Gosh, it's been a long time, hasn't it! And so much has happened!
I wasn't going to come back here, at least, not to write. I found the prospect difficult: Something perhaps from the past and which could now be mothballed or left as a testament to a time where there was plenty to be thought and said.
And life has been busy anyway. Employment is precarious now, with the definite prospect of imminent redundancy. My last fledgling will fly with trepidation tempered with excitement out into the world on Saturday, leaving the nest empty but for us bewildered and redundant parents.
It is a time of flux which is most unsettling.
A detour one morning from looking at gas burners to allow the making of beer outside the kitchen took me to an article which opened up some interesting lines of inquiry in my mind. Apparently, expressive writing assists in the healing of wounds. How fascinating! I had no idea!
Ok the study is very specific. It deals with subjects who are "elderly" (whatever this means) and the sample size is quite small. But nevertheless, the effect is demonstrable and fits with a radio programme I recently heard.

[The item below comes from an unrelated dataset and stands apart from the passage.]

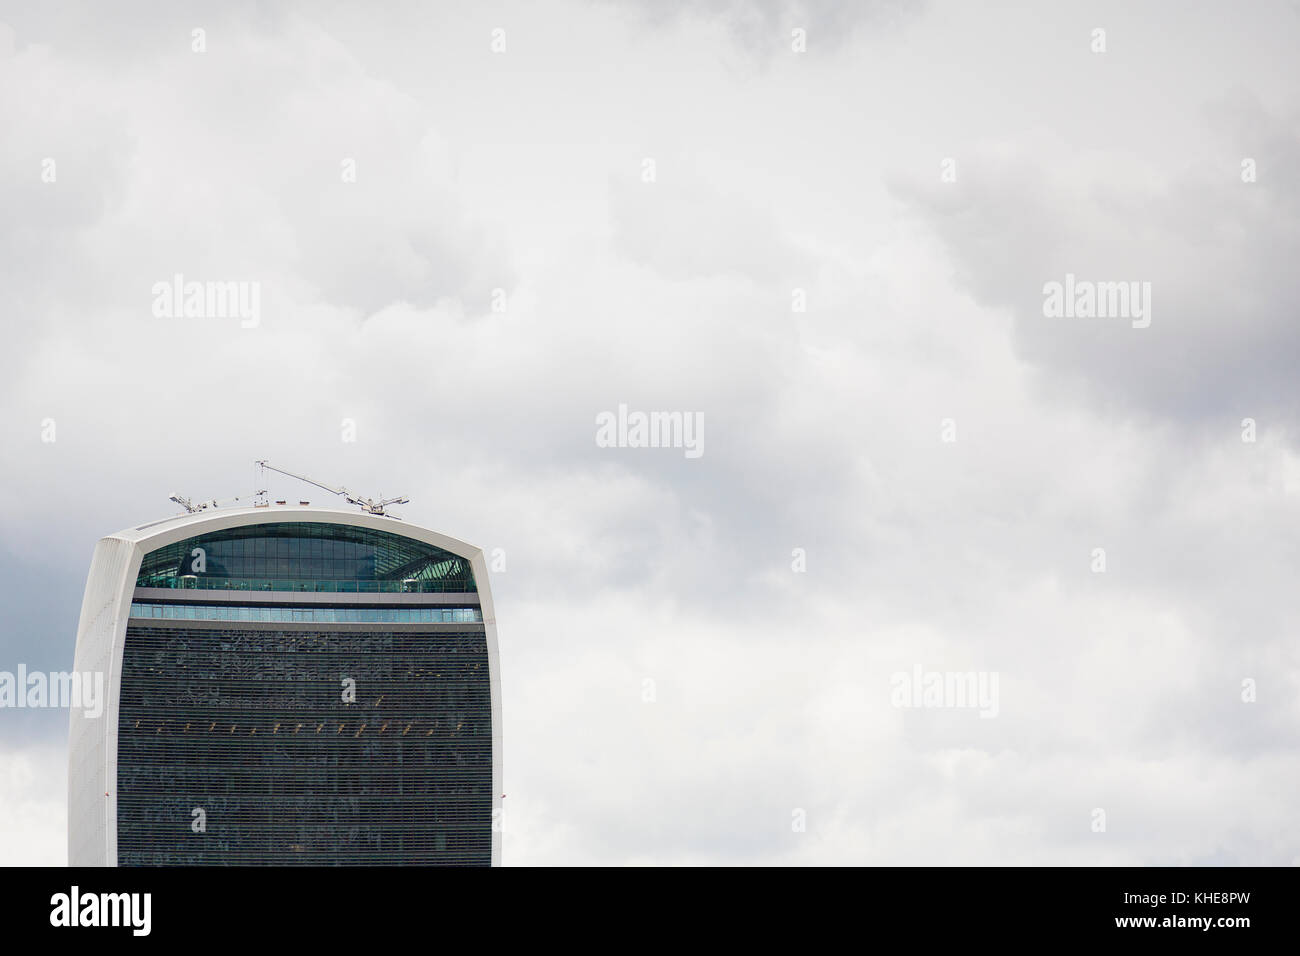 London, UK. 20 Fenchurch Street (the Walkie Talkie building) alone against a grey cloudy sky. Stock Photo

Now, there is a specificity about the process they describe: It must be about traumatic events that would otherwise fester in your head and affect physical processes best left to their own devices; The writing should be free-form, unedited and discarded afterwards. Oh, many conditions seem to be attached and I put this down mostly to science being only willing (and rightly so) to make pronouncements tentatively and immediately attributable to the data and methodology in question.
But I like the idea that taking a mess of thoughts and writing them down is helpful somehow (and mess it certain is! You should see the piles of rubbish kept for further examination and half-regarded work-in-progress concepts littering the place in here).
To take the powerful parallel-to-serial converter that is choosing what to express, finding the words and committing them to a linear stream on a page, somehow creates a calm clarity, a catharsis even.
Being able to articulate your feelings and thoughts by careful examination of them and subsequent expression in words that "hit the spot" is deeply, existentially satisfying. At least I find it so.

Well, mostly, I commit that to my more private writings, in a secure diary which I confess I would not want anyone else to read. All manner of insecurities are dissected and laid out clearly there. And it does help.

But here, there is at least the practise of finding the thought, choosing the words and allowing them to funnel out of the mind in which they have swirled around for a period of time. That has to be beneficial, doesn't it? Anyway, it's good for my tendency towards Attention Deficit Disorder, which so irritates those around me. It provides focus, clarity amidst the fog of confused cognition in which I mostly reside.

This is difficult actually. It feels like coaxing a rusty machine into motion after years of neglect.
But it feels good: I can sense the cogs freeing up with each word and movement is beginning. It feels healthy and wholesome. And I think I shall do some more of it.